Я писал, что испанская эпопея была последней волной; какая-то эпоха на ней кончилась. Я вижу комнату Лоти в «Гайлордс». Я зашел на минуту но делу. Лоти меня оставил поужинать. Было много народу: наши военные Гришин (Я. Берзин, один из тех латышей, которые в первые месяцы революции охраняли Ленина), Григорович - Штерн, командир танковой части - высокий, крепкий Павлов, Мате Залка, привлекательный умный югослав Чопич, Янек. Мы были веселы, смеялись, а почему, не помню. (Из этих людей только я остался в живых. Залку убил вражеский снаряд. А других ни за что ни про что загубили свои.)

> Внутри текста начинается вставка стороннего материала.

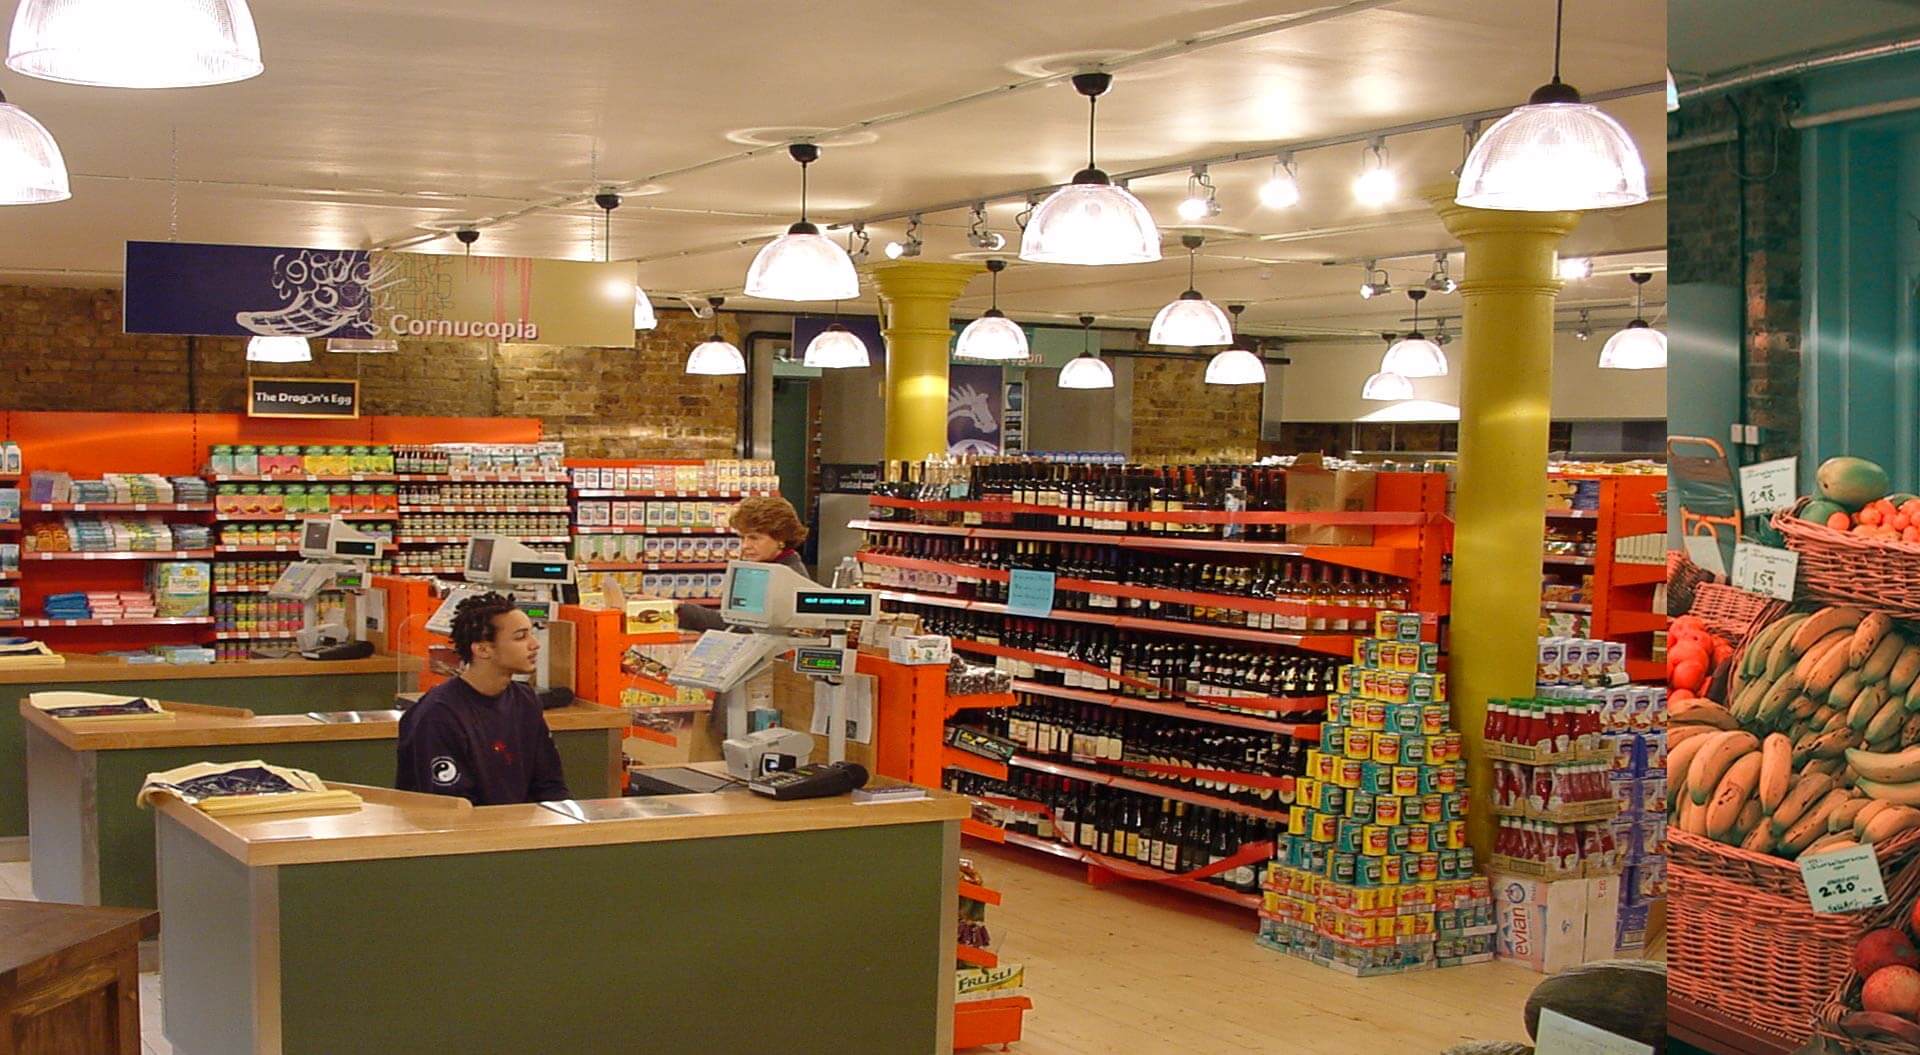 Sundace Organic supermarket interior design with checkout and branding

В Меко, пока Фернандо разговаривал со Стефой, мы с Залкой сидели на земле. Было уже тепло, все кругом зеленело. Залка говорил: «Вот у Фернандо маленький сын Тито, а мою дочку зовут Талочка, кончает школу. В общем, это глупо звучит, как в Художественном театре, но это же правда - небо все-таки будет в алмазах! Если в это не верить, трудно прожить день…» Мате Залка многого тогда не знал, как все мы. А теперь я думаю с печалью: он был прав, и «алмазы» - не глупая выдумка, алмазы будут, только все много дольше и много труднее…

По библейскому преданию, грешные Содом и Гоморра могли бы спастись, если бы там нашелся десяток праведников. Это верно по отношению ко всем городам и ко всем эпохам. Одним из таких праведников был Мате Залка, генерал Лукач, милый Матвей Михайлович.